Kreditech suspects data breach was inside job

Kreditech suspects data breach was inside job

Kreditech, a Germany-based lender focused on the unbanked, has suffered a data breach that has resulted in the personal records of thousands of applicants stolen and dumped on the dark web.

On a site accessible via Tor, links have been posted to scanned passports, drivers' licenses, national IDs and credit agreements, according to security blogger Brian Krebs. A hacking collective called 'A4' claims to have posted the material after finding "hundreds of gigabytes" of Kreditech documents.

Kreditech spokesperson Anna Friedrich told Krebs that the firm did suffer a "security incident" last August, that it appears to have affected applicants, not customers, that an internal leak is suspected, and that police are investigating.

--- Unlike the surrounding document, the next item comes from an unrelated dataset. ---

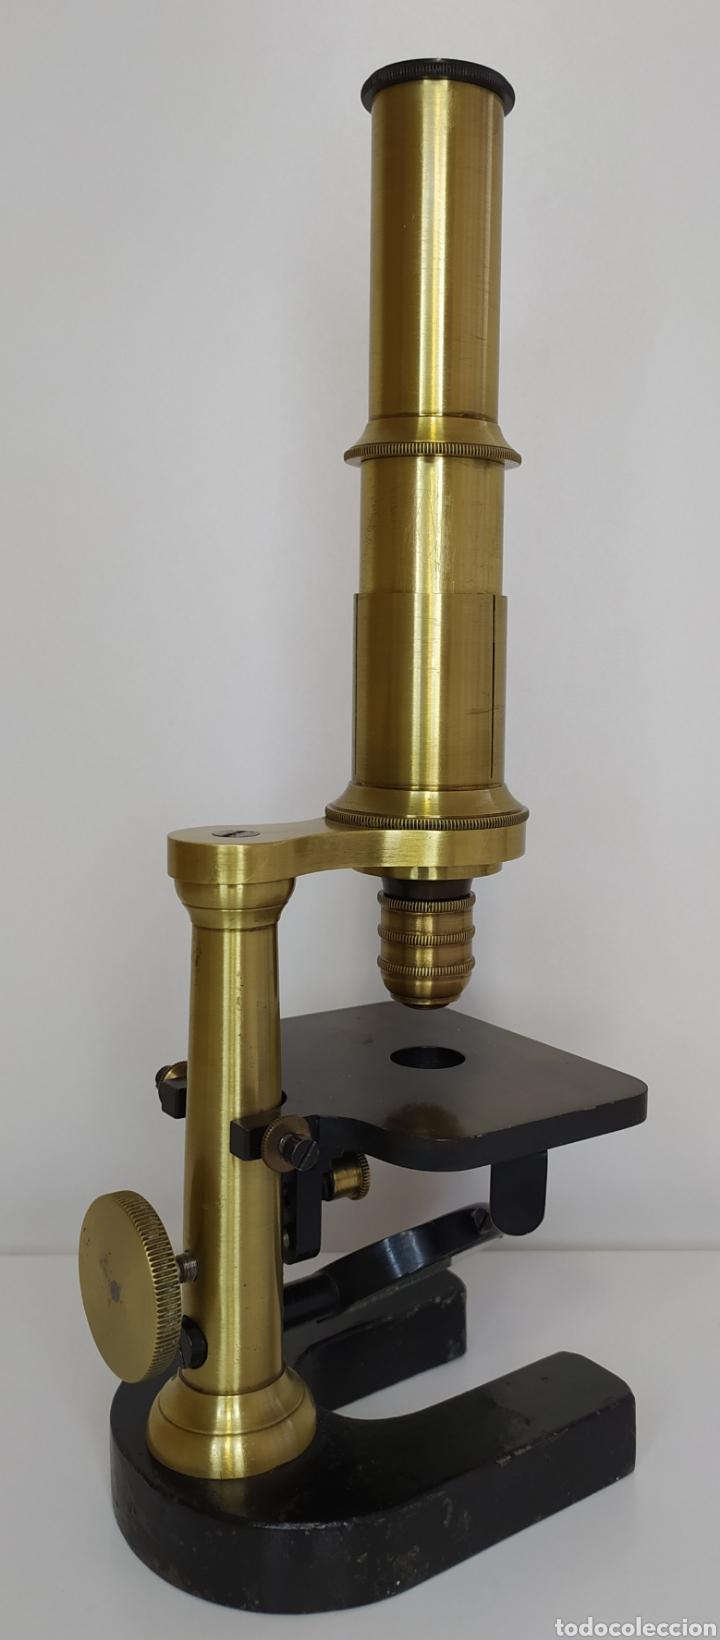 Antigüedades: Antiguo microscopio circa 1880. Tipo Schiek - Foto 21 - 253829690

Friedrich tells Finextra: "Data affected stem from the caching system of our website - this means we are only talking about temporary data that was deleted afterwards. In the caching system only application data is temporarily saved, no data of existing customers."

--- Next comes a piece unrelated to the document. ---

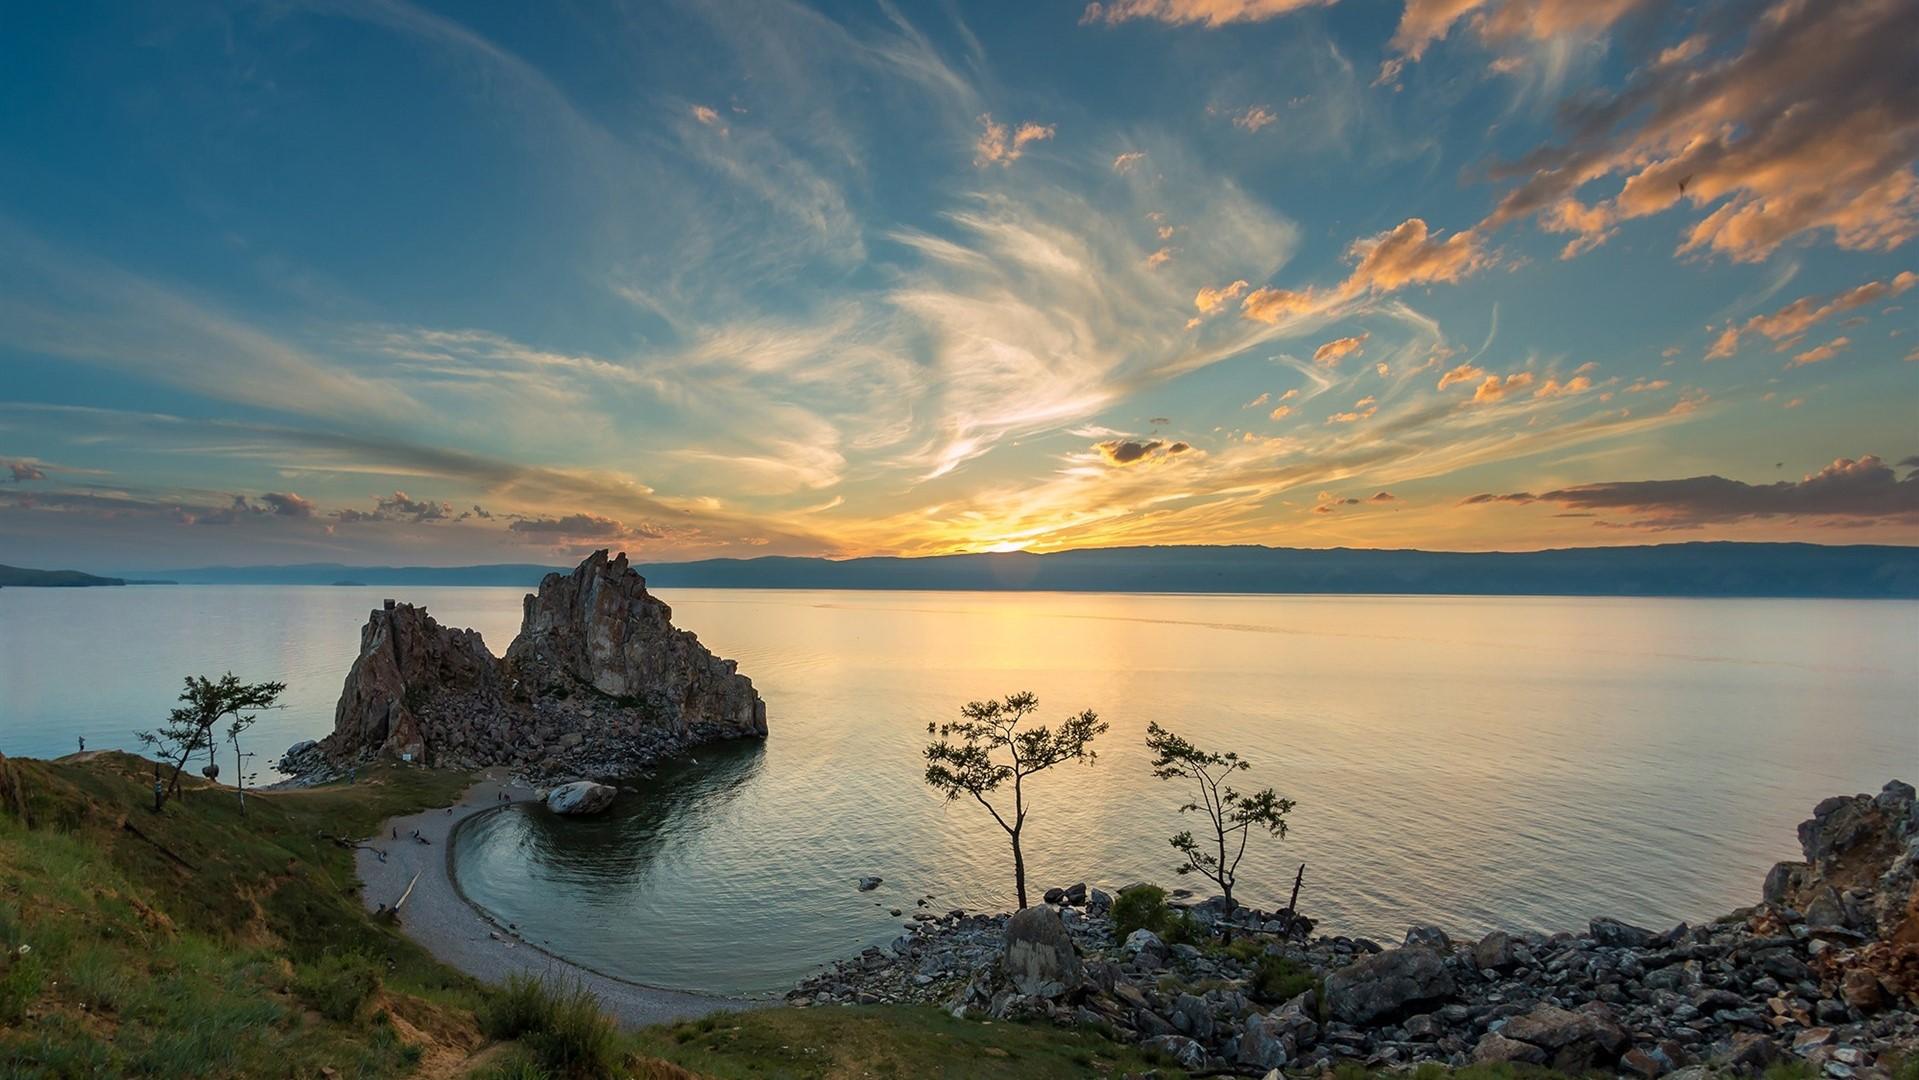 Baikal Lake, Olkhon Island

She adds: "The internal system investigation were successfully completed last year. We have secure and robust security measures in place."

Kreditech practices what it calls 'algorithmic banking', using big data to make credit decisions on loans for people who might be shut out by high street providers. Last summer the company raised $40 million in series b funding and has since secured a $200 million credit line from Victory Park Capital.